*Exercise details*: These entries must be printed again exactly as they are.

--- Data to examine Enclosed Below ---

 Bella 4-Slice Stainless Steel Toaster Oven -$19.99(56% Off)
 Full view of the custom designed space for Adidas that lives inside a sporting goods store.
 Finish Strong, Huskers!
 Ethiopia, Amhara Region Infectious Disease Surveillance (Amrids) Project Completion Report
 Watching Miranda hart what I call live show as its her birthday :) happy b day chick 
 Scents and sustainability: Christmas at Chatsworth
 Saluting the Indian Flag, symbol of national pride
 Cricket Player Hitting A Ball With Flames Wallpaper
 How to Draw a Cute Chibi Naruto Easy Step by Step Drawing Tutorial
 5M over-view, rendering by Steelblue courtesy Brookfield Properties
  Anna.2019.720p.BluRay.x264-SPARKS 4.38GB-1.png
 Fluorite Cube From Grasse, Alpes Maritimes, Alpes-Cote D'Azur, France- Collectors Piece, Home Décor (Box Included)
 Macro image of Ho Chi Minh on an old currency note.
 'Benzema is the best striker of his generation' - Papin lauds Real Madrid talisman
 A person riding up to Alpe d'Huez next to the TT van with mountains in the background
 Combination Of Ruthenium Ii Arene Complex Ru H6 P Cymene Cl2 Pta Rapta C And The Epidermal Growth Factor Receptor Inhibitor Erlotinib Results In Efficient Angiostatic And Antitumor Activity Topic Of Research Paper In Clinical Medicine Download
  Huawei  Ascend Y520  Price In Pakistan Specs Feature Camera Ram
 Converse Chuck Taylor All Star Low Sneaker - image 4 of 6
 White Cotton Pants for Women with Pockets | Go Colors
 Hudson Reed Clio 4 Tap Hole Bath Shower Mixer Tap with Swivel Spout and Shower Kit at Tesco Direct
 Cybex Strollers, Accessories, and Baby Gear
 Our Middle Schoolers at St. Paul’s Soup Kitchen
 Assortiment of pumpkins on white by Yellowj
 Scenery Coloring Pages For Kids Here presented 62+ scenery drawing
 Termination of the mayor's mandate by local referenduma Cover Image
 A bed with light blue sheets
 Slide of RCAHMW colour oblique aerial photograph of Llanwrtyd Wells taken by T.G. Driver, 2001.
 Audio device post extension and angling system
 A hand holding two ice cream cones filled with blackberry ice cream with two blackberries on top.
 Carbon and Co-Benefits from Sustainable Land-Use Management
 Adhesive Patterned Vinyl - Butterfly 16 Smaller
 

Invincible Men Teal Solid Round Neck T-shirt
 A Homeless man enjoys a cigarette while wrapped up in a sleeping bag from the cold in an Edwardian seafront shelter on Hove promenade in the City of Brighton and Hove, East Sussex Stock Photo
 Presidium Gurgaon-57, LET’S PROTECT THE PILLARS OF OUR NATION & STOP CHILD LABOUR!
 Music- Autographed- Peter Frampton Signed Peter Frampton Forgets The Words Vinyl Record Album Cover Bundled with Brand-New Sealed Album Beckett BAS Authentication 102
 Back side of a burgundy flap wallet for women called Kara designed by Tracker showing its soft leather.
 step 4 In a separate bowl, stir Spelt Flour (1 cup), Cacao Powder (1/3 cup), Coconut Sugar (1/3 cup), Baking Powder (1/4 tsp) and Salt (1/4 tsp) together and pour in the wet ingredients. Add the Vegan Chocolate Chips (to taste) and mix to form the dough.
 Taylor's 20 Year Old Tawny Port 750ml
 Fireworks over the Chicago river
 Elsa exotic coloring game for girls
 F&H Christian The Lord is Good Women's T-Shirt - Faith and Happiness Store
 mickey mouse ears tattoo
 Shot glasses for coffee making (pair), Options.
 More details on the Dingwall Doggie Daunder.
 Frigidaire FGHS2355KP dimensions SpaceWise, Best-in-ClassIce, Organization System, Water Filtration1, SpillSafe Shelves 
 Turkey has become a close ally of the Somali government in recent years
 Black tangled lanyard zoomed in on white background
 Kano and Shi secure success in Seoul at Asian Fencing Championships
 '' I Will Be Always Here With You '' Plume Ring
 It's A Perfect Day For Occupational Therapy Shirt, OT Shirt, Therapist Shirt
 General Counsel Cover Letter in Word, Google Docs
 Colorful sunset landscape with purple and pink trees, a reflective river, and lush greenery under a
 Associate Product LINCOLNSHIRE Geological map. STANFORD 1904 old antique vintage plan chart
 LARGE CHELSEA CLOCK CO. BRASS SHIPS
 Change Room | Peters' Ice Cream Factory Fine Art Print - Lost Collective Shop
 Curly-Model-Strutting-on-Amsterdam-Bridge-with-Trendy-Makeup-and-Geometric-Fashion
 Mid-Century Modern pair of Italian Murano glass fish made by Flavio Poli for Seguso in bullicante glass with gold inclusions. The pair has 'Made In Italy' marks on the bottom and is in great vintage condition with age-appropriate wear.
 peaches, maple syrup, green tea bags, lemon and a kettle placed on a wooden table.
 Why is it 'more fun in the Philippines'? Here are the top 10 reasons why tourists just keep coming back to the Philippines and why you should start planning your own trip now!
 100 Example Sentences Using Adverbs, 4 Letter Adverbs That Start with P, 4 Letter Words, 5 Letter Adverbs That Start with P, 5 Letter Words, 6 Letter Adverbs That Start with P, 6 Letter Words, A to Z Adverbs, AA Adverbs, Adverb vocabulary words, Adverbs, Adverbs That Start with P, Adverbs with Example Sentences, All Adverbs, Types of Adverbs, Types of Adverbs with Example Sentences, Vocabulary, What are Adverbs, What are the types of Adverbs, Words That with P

--- End of Enclosed Data to examine ---

*Task solution*:
 Bella 4-Slice Stainless Steel Toaster Oven -$19.99(56% Off)
 Full view of the custom designed space for Adidas that lives inside a sporting goods store.
 Finish Strong, Huskers!
 Ethiopia, Amhara Region Infectious Disease Surveillance (Amrids) Project Completion Report
 Watching Miranda hart what I call live show as its her birthday :) happy b day chick 
 Scents and sustainability: Christmas at Chatsworth
 Saluting the Indian Flag, symbol of national pride
 Cricket Player Hitting A Ball With Flames Wallpaper
 How to Draw a Cute Chibi Naruto Easy Step by Step Drawing Tutorial
 5M over-view, rendering by Steelblue courtesy Brookfield Properties
  Anna.2019.720p.BluRay.x264-SPARKS 4.38GB-1.png
 Fluorite Cube From Grasse, Alpes Maritimes, Alpes-Cote D'Azur, France- Collectors Piece, Home Décor (Box Included)
 Macro image of Ho Chi Minh on an old currency note.
 'Benzema is the best striker of his generation' - Papin lauds Real Madrid talisman
 A person riding up to Alpe d'Huez next to the TT van with mountains in the background
 Combination Of Ruthenium Ii Arene Complex Ru H6 P Cymene Cl2 Pta Rapta C And The Epidermal Growth Factor Receptor Inhibitor Erlotinib Results In Efficient Angiostatic And Antitumor Activity Topic Of Research Paper In Clinical Medicine Download
  Huawei  Ascend Y520  Price In Pakistan Specs Feature Camera Ram
 Converse Chuck Taylor All Star Low Sneaker - image 4 of 6
 White Cotton Pants for Women with Pockets | Go Colors
 Hudson Reed Clio 4 Tap Hole Bath Shower Mixer Tap with Swivel Spout and Shower Kit at Tesco Direct
 Cybex Strollers, Accessories, and Baby Gear
 Our Middle Schoolers at St. Paul’s Soup Kitchen
 Assortiment of pumpkins on white by Yellowj
 Scenery Coloring Pages For Kids Here presented 62+ scenery drawing
 Termination of the mayor's mandate by local referenduma Cover Image
 A bed with light blue sheets
 Slide of RCAHMW colour oblique aerial photograph of Llanwrtyd Wells taken by T.G. Driver, 2001.
 Audio device post extension and angling system
 A hand holding two ice cream cones filled with blackberry ice cream with two blackberries on top.
 Carbon and Co-Benefits from Sustainable Land-Use Management
 Adhesive Patterned Vinyl - Butterfly 16 Smaller
 

Invincible Men Teal Solid Round Neck T-shirt
 A Homeless man enjoys a cigarette while wrapped up in a sleeping bag from the cold in an Edwardian seafront shelter on Hove promenade in the City of Brighton and Hove, East Sussex Stock Photo
 Presidium Gurgaon-57, LET’S PROTECT THE PILLARS OF OUR NATION & STOP CHILD LABOUR!
 Music- Autographed- Peter Frampton Signed Peter Frampton Forgets The Words Vinyl Record Album Cover Bundled with Brand-New Sealed Album Beckett BAS Authentication 102
 Back side of a burgundy flap wallet for women called Kara designed by Tracker showing its soft leather.
 step 4 In a separate bowl, stir Spelt Flour (1 cup), Cacao Powder (1/3 cup), Coconut Sugar (1/3 cup), Baking Powder (1/4 tsp) and Salt (1/4 tsp) together and pour in the wet ingredients. Add the Vegan Chocolate Chips (to taste) and mix to form the dough.
 Taylor's 20 Year Old Tawny Port 750ml
 Fireworks over the Chicago river
 Elsa exotic coloring game for girls
 F&H Christian The Lord is Good Women's T-Shirt - Faith and Happiness Store
 mickey mouse ears tattoo
 Shot glasses for coffee making (pair), Options.
 More details on the Dingwall Doggie Daunder.
 Frigidaire FGHS2355KP dimensions SpaceWise, Best-in-ClassIce, Organization System, Water Filtration1, SpillSafe Shelves 
 Turkey has become a close ally of the Somali government in recent years
 Black tangled lanyard zoomed in on white background
 Kano and Shi secure success in Seoul at Asian Fencing Championships
 '' I Will Be Always Here With You '' Plume Ring
 It's A Perfect Day For Occupational Therapy Shirt, OT Shirt, Therapist Shirt
 General Counsel Cover Letter in Word, Google Docs
 Colorful sunset landscape with purple and pink trees, a reflective river, and lush greenery under a
 Associate Product LINCOLNSHIRE Geological map. STANFORD 1904 old antique vintage plan chart
 LARGE CHELSEA CLOCK CO. BRASS SHIPS
 Change Room | Peters' Ice Cream Factory Fine Art Print - Lost Collective Shop
 Curly-Model-Strutting-on-Amsterdam-Bridge-with-Trendy-Makeup-and-Geometric-Fashion
 Mid-Century Modern pair of Italian Murano glass fish made by Flavio Poli for Seguso in bullicante glass with gold inclusions. The pair has 'Made In Italy' marks on the bottom and is in great vintage condition with age-appropriate wear.
 peaches, maple syrup, green tea bags, lemon and a kettle placed on a wooden table.
 Why is it 'more fun in the Philippines'? Here are the top 10 reasons why tourists just keep coming back to the Philippines and why you should start planning your own trip now!
 100 Example Sentences Using Adverbs, 4 Letter Adverbs That Start with P, 4 Letter Words, 5 Letter Adverbs That Start with P, 5 Letter Words, 6 Letter Adverbs That Start with P, 6 Letter Words, A to Z Adverbs, AA Adverbs, Adverb vocabulary words, Adverbs, Adverbs That Start with P, Adverbs with Example Sentences, All Adverbs, Types of Adverbs, Types of Adverbs with Example Sentences, Vocabulary, What are Adverbs, What are the types of Adverbs, Words That with P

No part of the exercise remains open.